In conclusion, the success rate of MRI was comparable between the swaddling technique and sedation in premature infants. Furthermore, despite the drawback of prolonged scan time, swaddling can reduce the rate of cardiopulmonary adverse events relative to that with the use of sedative agents. Therefore, the feed and swaddling technique during routine brain MRI may be worth attempting in an NICU to avoid sedation or anesthesia.


Ethical statement

This study was approved by the Institutional Review Board (IRB) for waivers of all forms of informed consent (IRB number: MED-MDB-19-388).

Conflicts of interest

No potential conflict of interest relevant to this article was reported.

Author contributions

Conception or design: Y.M.Y., M.S.P., J.H.L.

Acquisition, analysis, or interpretation of data: Y.M.Y., J.E.P., M.S.P., J.H.L.
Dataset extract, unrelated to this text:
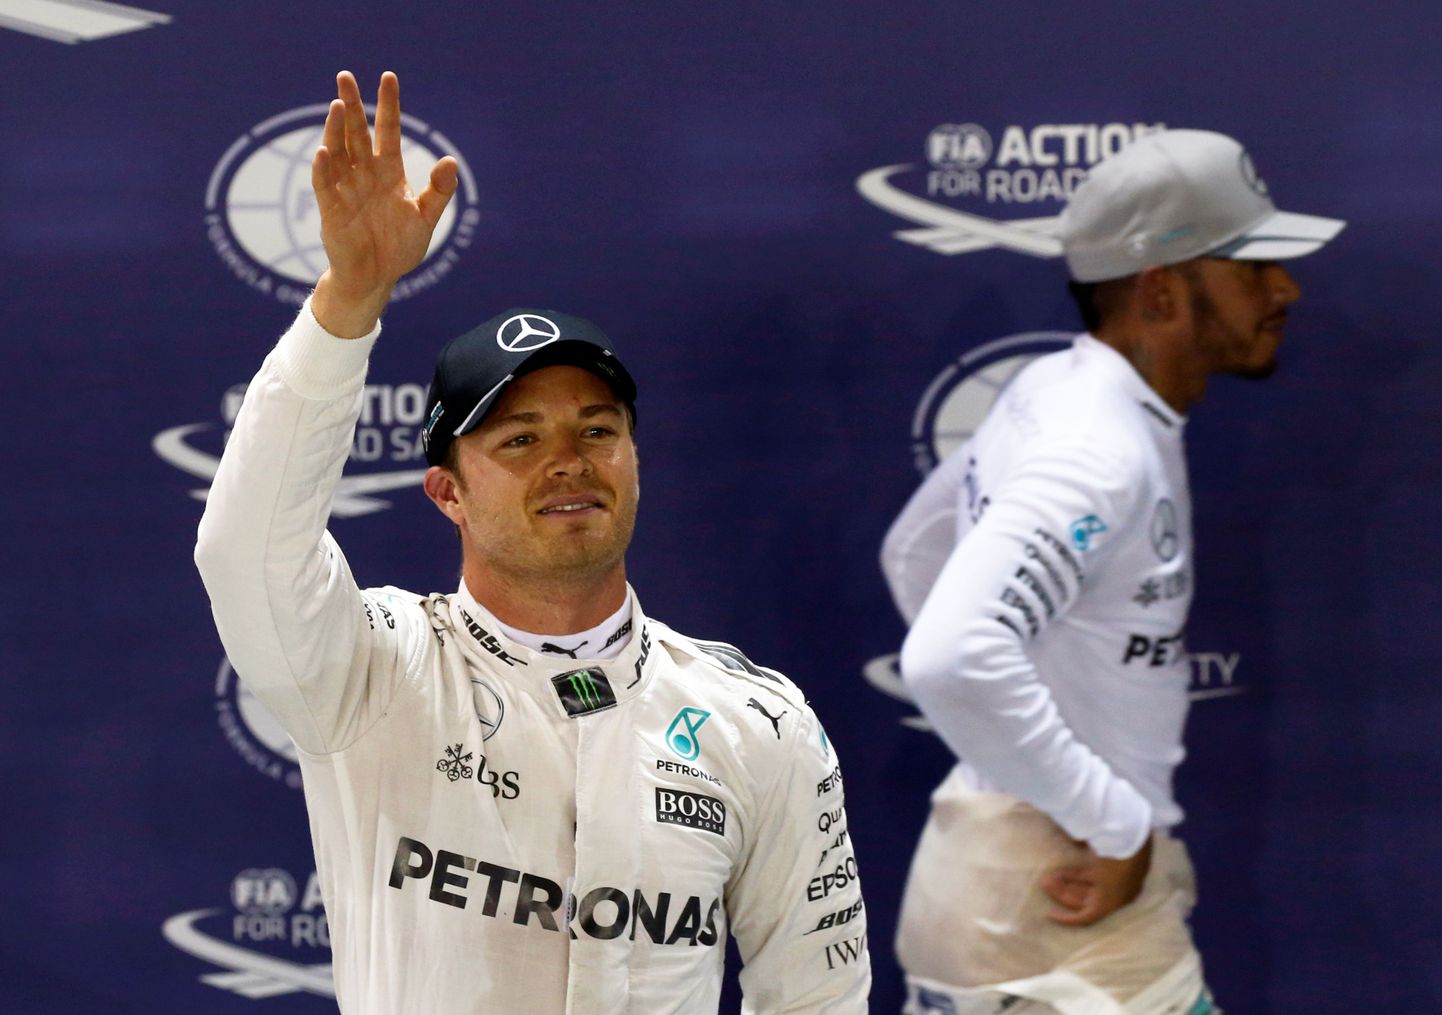 Nico Rosberg surub oma tiimikaaslase Lewis Hamiltoni tagaplaanile.

Drafting the work or revising: Y.M.Y., M.S.P., J.H.L.

Final approval of the manuscript: Y.M.Y., M.S.P., J.H.L.



Figure 1.
The MedVac vacuum splint (Kohlbrat & Bunz Co. Ltd.) and a patient connected to monitors in the magnetic resonance imaging room.
Table 1.
Patients’ Characteristics Based on Whether the Infant Is or Is Not Sedated
Characteristic Group
Swaddling group (n=32) Sedation group (n=47)
Male sex 17 (53.13) 26 (55.32) 0.848
Multipara 17 (53.13) 15 (31.91) 0.059
GA at birth (wk) 29+3±4+1 29+6±5+1 0.439
Corrected GA at MRI (wk) 37+4±2+3 37+6±3+1 0.649
Mean BW at birth (g) 1,188.9±246.4 1,167.4±259.9 0.714
Mean BW at the time of MRI (g) 2,439.7±484.4 2,250.3±548.7 0.119

Values are expressed as number (%) or mean±standard deviation.

Abbreviations: GA, gestational age; MRI, magnetic resonance imaging; BW, birth weight.

Table 2.
Comorbidities Associated with Adverse Events at the Time of Magnetic Resonance Imaging
Variable Swaddling group (n=32) Sedation group(n=47) P-value
Morbidity associated with CPS 17 (53.13) 30 (63.83) 0.723
BPD 6 (18.75) 11 (23.40) 0.621
CHD 1 (3.13) 3 (6.38) 0.517
Oxygen dependency 1 (3.13) 4 (8.51) 0.334
Symptomatic PDA 9 (28.13) 12 (25.53) 0.798
Morbidity associated with CNS 13 (40.63) 14 (29.79) 0.217
Cerebral malformation 3 (9.38) 5 (10.64) 0.855
ICH 8 (25.00) 4 (8.51) 0.045
IVH (grade III or higher) 1 (3.13) 2 (4.26) 0.796
PVL 1 (3.13) 3 (6.38) 0.517

Values are expressed as number (%).

Abbreviations: CPS, cardiopulmonary system; BPD, bronchopulmonary dysplasia; CHD, congenital heart disease; PDA, patent ductus arteriosus; CNS, central nervous system; ICH, intracranial hemorrhage; IVH, intraventricular hemorrhage; PVL, periventricular leukomalacia.

Table 3.
Magnetic Resonance Imaging Outcome and Cardiopulmonary Adverse Events Associated with the Imaging Process
Variable Swaddling group (n=32) Sedation group (n=47) P-value
MRI outcome
MRI failure rate (%) 12.5 (n=4) 4.3 (n=2) 0.174
MRI scan time (min) 76.5±20.3 61.5±13.6 0.001
MRI to feeding time (min) 57.9±48.2 74.0±70.2 0.233
Adverse event
During MRI 1 (3.13) 9 (19.15) 0.035
Decreased oxygen saturation 1 (3.13) 2 (4.26) 0.796
Change in heart rate 0 7 (14.89) 0.022
Pre-arrest status 0 0 -
Within 24 hours after MRI 0 7 (14.89) 0.022
Decreased oxygen saturation 0 6 (12.77) 0.036
Change in heart rate 0 0 -
Pre-arrest status 0 1 (2.13) 0.406
Total 1 (3.13) 16 (34.04) 0.002

Values are expressed as mean±standard deviation or number (%).

Abbreviation: MRI, magnetic resonance imaging.